Independent directors Neharika Vohra and Subodh Kumar had quit the Zee board last year, citing multiple issues | Photo: Company
The Zee Entertainment
stock has shed close to 15 per cent from its highs over the last two trading sessions.
The sharp correction followed reports that the Ministry of Corporate Affairs
(MCA) had ordered an inspection of the firm’s books on allegations of corporate governance lapses and also because of the resignations of some of its independent directors.
In a clarification to the exchanges, Zee acknowledged that it had received a letter from the MCA, seeking information and inspection. The company, however, clarified that the same was available in public domain, and also that it was collating the information and would co-operate with the inspection.
Further, it indicated that the link between the enquiry and resignations of independent directors a few months ago was tenuous. Independent directors Subodh Kumar and Neharika Vohra had quit the Zee board last year, citing multiple issues including film advances to the tune of over Rs 2,000 crore and receivables from related parties.

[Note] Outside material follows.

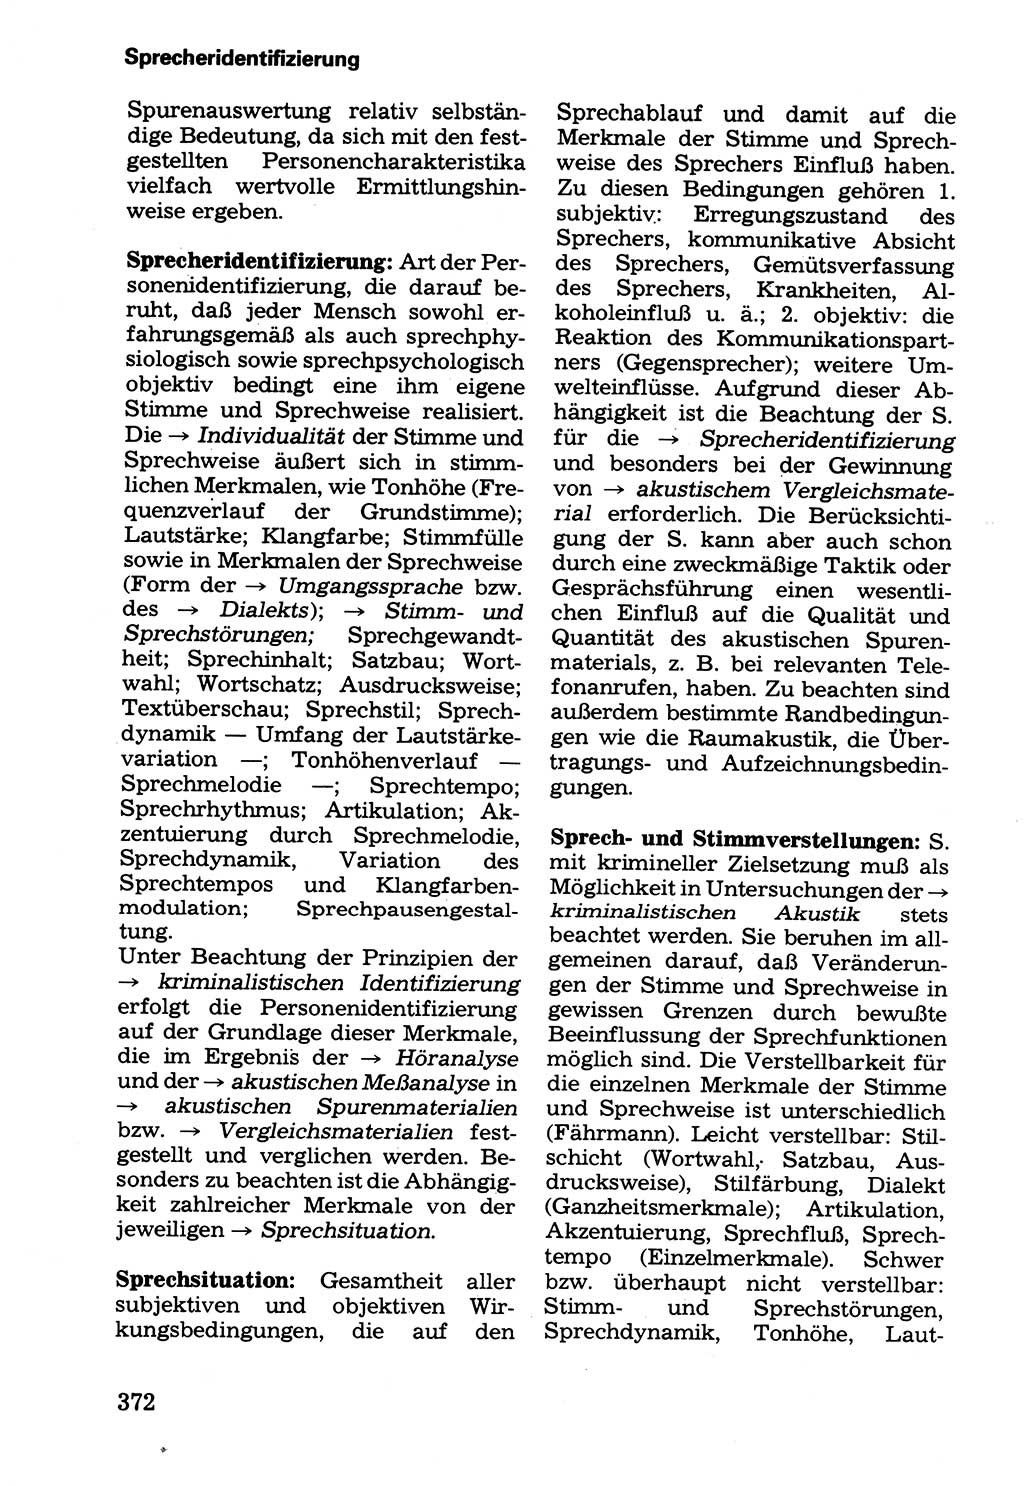 Wörterbuch der sozialistischen Kriminalistik [Deutsche Demokratische Republik (DDR)] 1981, Seite 372 (Wb. soz. Krim. DDR 1981, S. 372)

After the December quarter results, the firm indicated that receivables were at Rs 2,330 crore.
Within this, receivables from related parties DishTV and SitiCable stood at Rs 750 crore, of which Rs 350 crore was overdue. The two account for 27 per cent of domestic subscription revenues.
indicated that it would be able to recover its dues from Siti Cable over the next year, and from DishTV over the next 24 months.
A head of research at a domestic brokerage indicated that the correction over the last couple of trading sessions had factored in the information related to the MCA.
Analysts are advising investors to avoid the stock as there is no clarity on how long the enquiry of the MCA
will last, as well as on its findings.
Worries pertaining to a change in management control, high investments in a weak demand environment, monetisation of content, as well as regulatory changes, are factors expected to keep the Zee stock under pressure over the near term.